Phoques barbus détenus à la Prison des Baleines

Phoques et morses oubliés de la Prison des Baleines

Les phoques et les morses sont les grands oubliés de la Prison des Baleines. Ils ne seront jamais libérés et s’en iront mourir au fond de quelque bassin crasseux d’un delphinarium chinois…
Lorsqu’en 2018, le public stupéfait découvrit les 11 orques et les 90 bélugas de la prison des baleines, l’information filtra qu’il s’y trouvait aussi des phoques et des morses emprisonnés. Hélas pour les pinnipèdes, leur cote de popularité ne vaut pas celle des cétacés. Aussi les oublia-t-on dans leur coin de hangar, tandis que les activistes russes et les experts internationaux se battaient becs et ongles pour faire libérer les orques et les bélugas, avec les résultats mitigés que l’on sait.

Aujourd’hui, nous apprenons que 6 morses, 9 phoques barbus et 50 phoques tachetés avaient été capturés en 2018 puis enfermés à la «prison de Baleine». La plupart disposent déjà des permis du gouvernement russe pour être vendus dans un premier temps à la société Tianjin Polar Tourism Co., Ltd., qui dessert les parcs thématiques chinois.

Après avoir passé plus d’un an dans le hangar sordide que l’on voit sur les images ci-dessus, nos malheureux pinnipèdes passeront donc dans l’entrepôt central de la Tianjin Polar Tourism Co. avant d’être redistribués dans différents delphinariums dépendant du même groupe commercial.
Car Tianjin Polar Tourism Co., Ltd. fait partie d’un groupe.

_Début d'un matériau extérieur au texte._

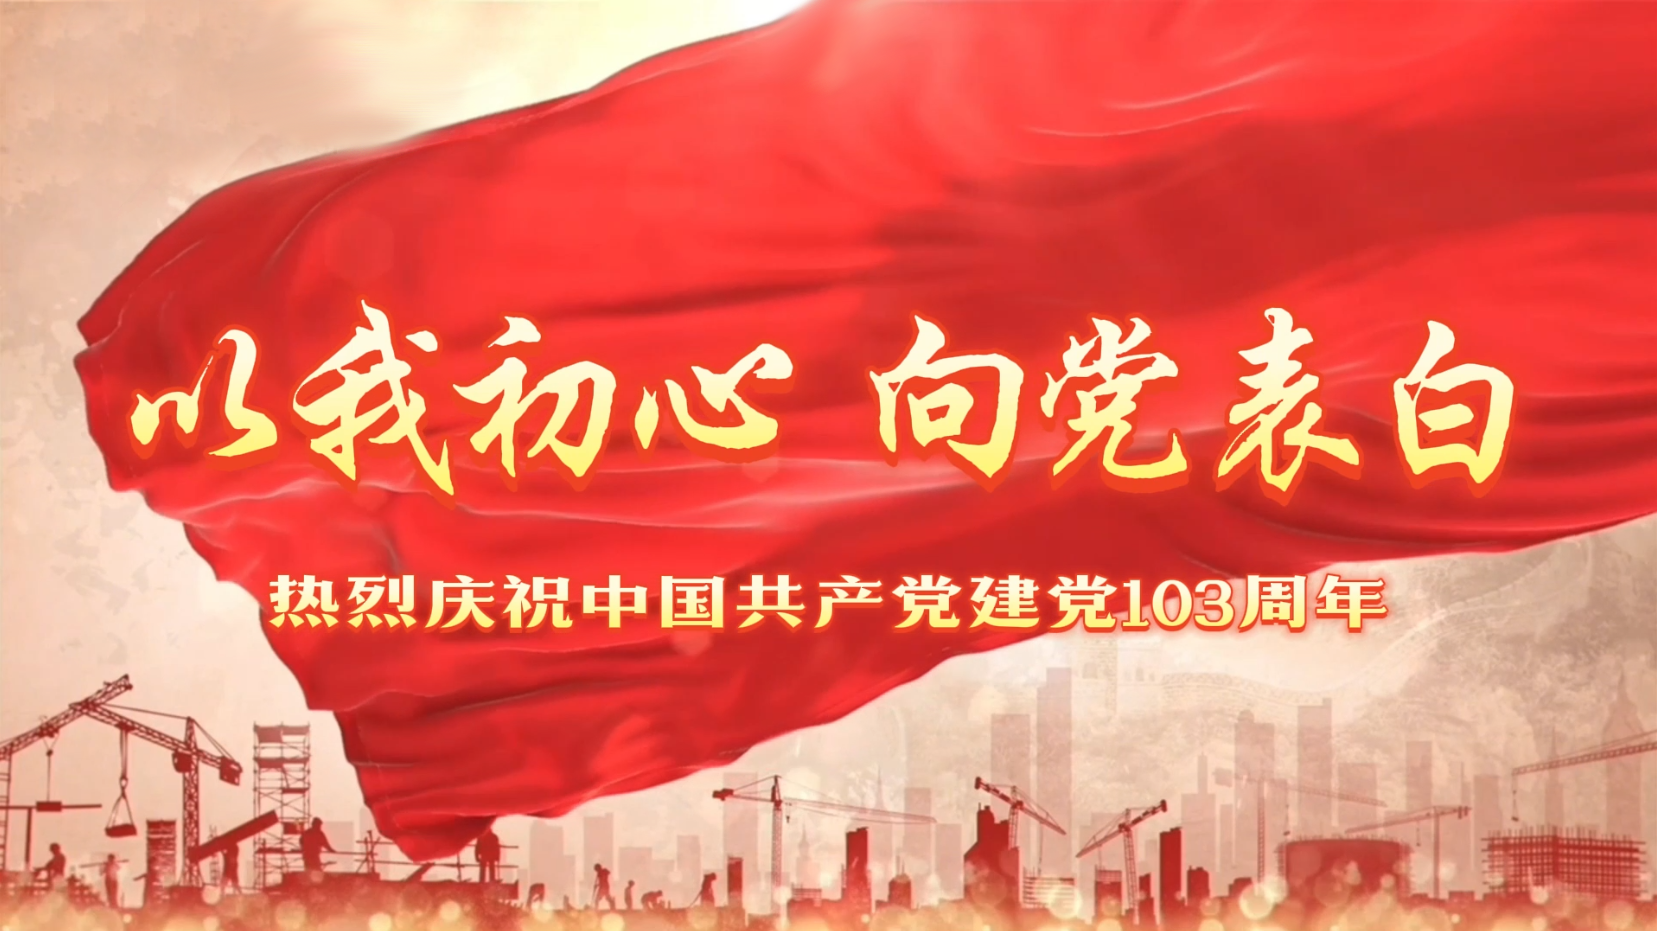 红心永向党 建功新时代丨大元集团开展庆祝中国共产党成立103周年系列活动

Ou plutôt d’un holding particulièrement monstrueux, la Haichang Ocean Park Holdings Ltd. Il s’agit là du plus important promoteur de «parcs océaniques» en Chine, mais c’est aussi un promoteur immobilier qui construit et exploite six delphinariums géants situés respectivement à Dalian, Qingdao, Chongqing, Chengdu, Tianjin, Wuhan et Yantai, deux parcs d’attractions complets ainsi que trois grands complexes de parcs à thème, les Shanghai Haichang Ocean Park, Sanya Haichang Fantasy Town et Zhengzhou Haichang Ocean Park.

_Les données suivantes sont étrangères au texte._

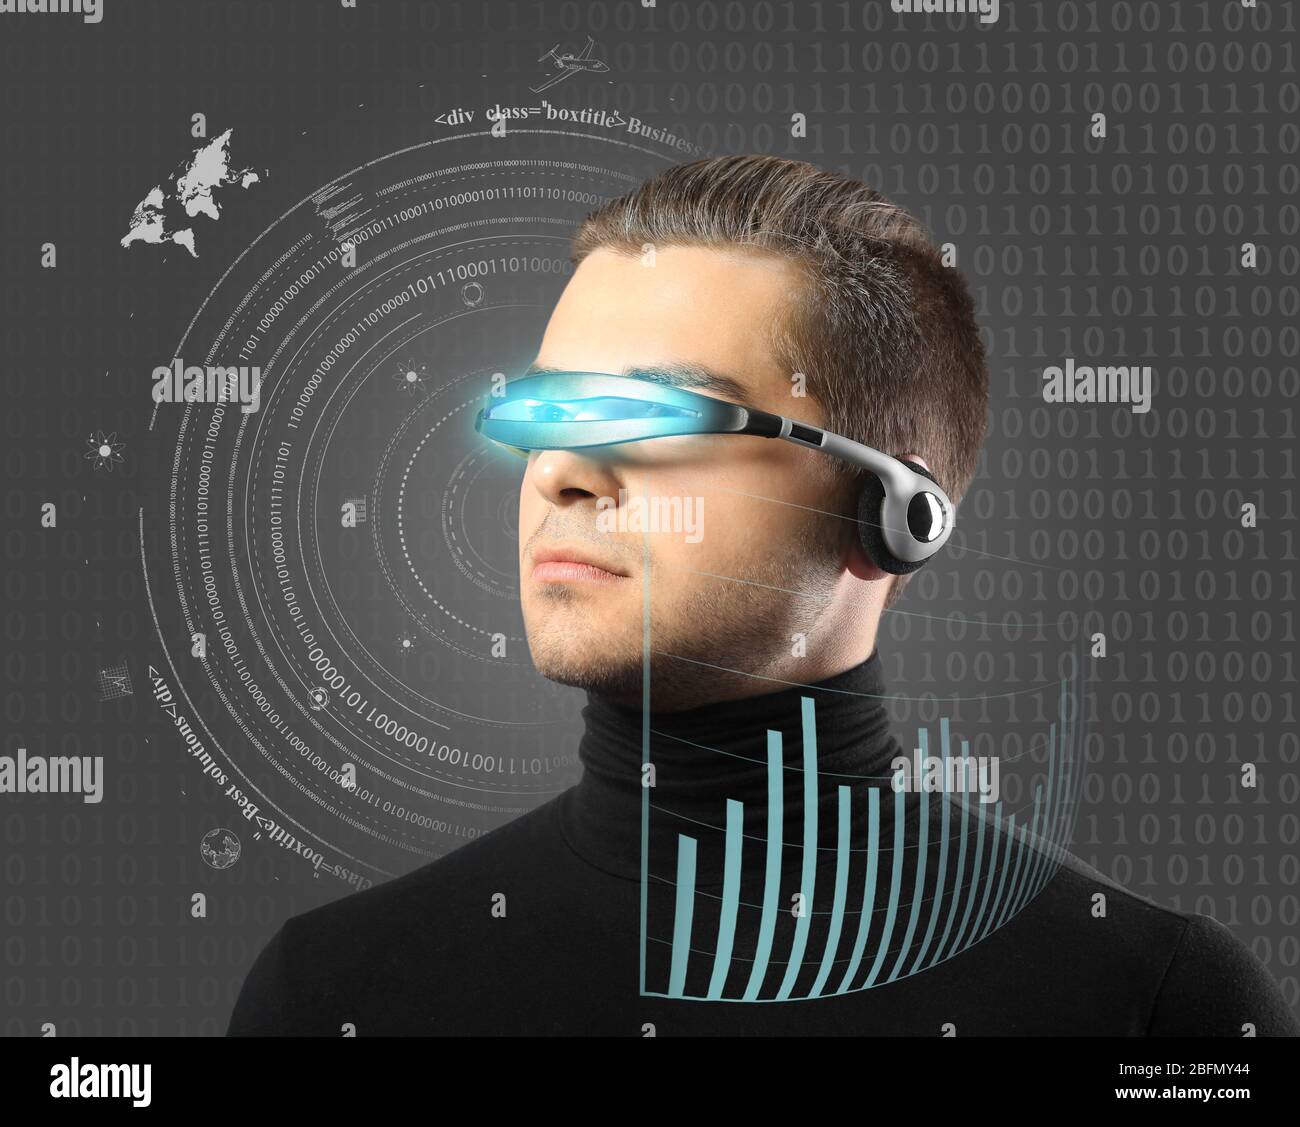 Man with futuristic glasses - future concept Stock Photo - Alamy

«Avec plus de 20 ans d’expérience dans l’élevage et la conservation des animaux, le développement et l’exploitation de parcs à thème marins, la Société a été classée parmi les dix principaux exploitants de parcs à thème dans le monde entier pendant dix années consécutives. Ces parcs fournissent un guichet unique pour le tourisme, le divertissement, les loisirs, la restauration et de shopping à ses clients à la fois, tant par ses offres « inpark » que par les services complémentaires offerts par les services commerciales adjacentes aux parcs à thème chinois.
L’industrie des parcs de loisirs possède un énorme potentiel de croissance et 
les parcs à thème de la société ont eu plus de 120 millions visiteurs depuis 2002».

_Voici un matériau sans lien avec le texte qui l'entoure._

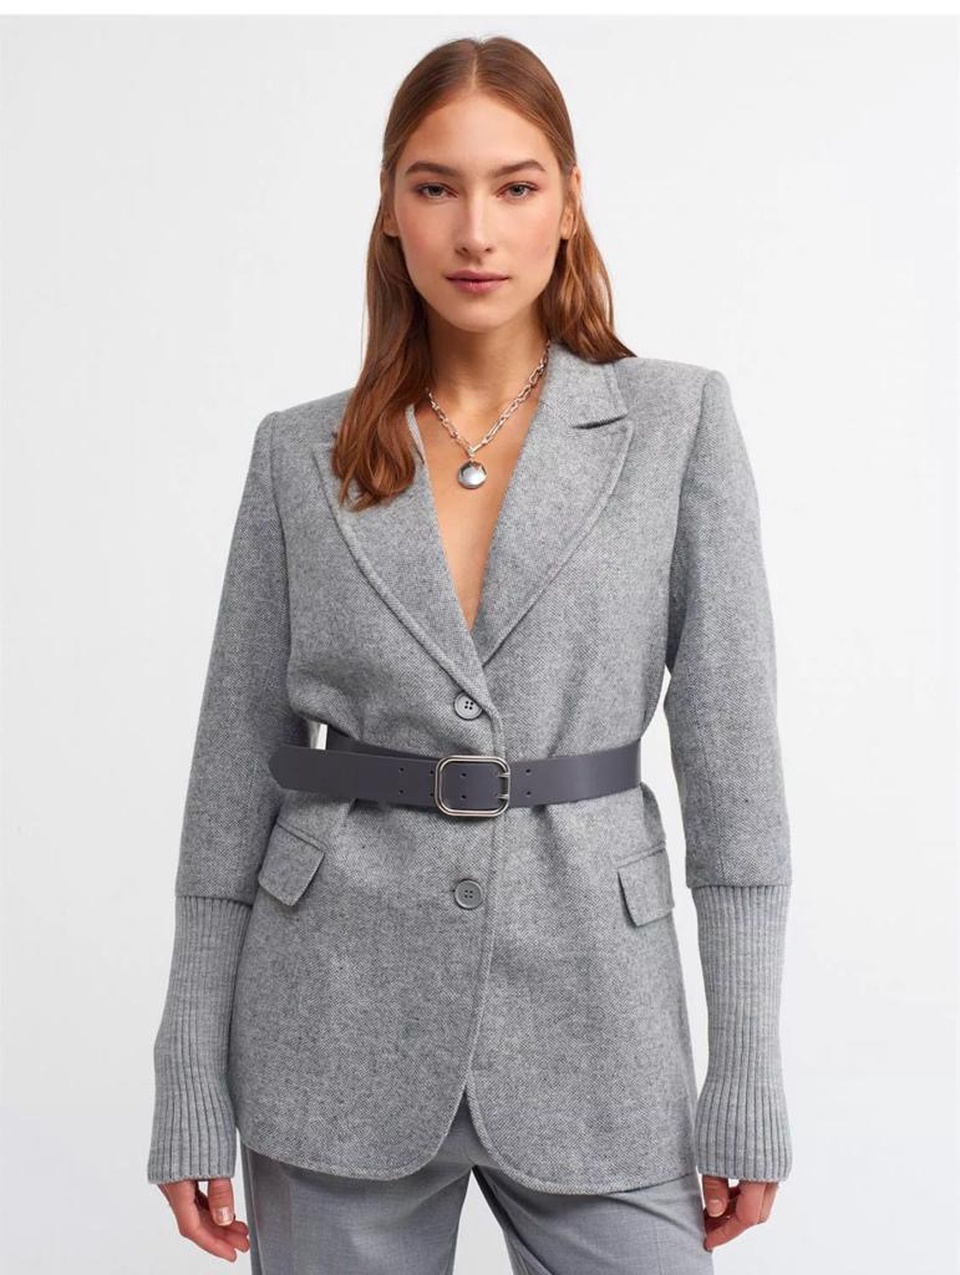 Пиджак - 4 100 ₽, заказать онлайн.

Voilà qui est certes réjouissants pour les financiers chinois, mais qu’en est-il de nos morses et de nos phoques ?
Ici aussi, ils sont un peu au bas de l’échelle des attractions, mais très présents partout, car apparemment, le public chinois les trouve «mignons». Du moins quand ils restent présentables.
Quand ils ne sont plus, eh bien, on les cache dans l’ombre d’un ultime hangar, en attendant qu’ils guérissent ou qu’ils meurent.
Bref pour ces pinnipèdes russes qui nageaient il ya un an dans les eaux glacées de la mer d’Okhotsk, la vie risque d’être bien différente une fois parvenus dans leur nouveau «logis»…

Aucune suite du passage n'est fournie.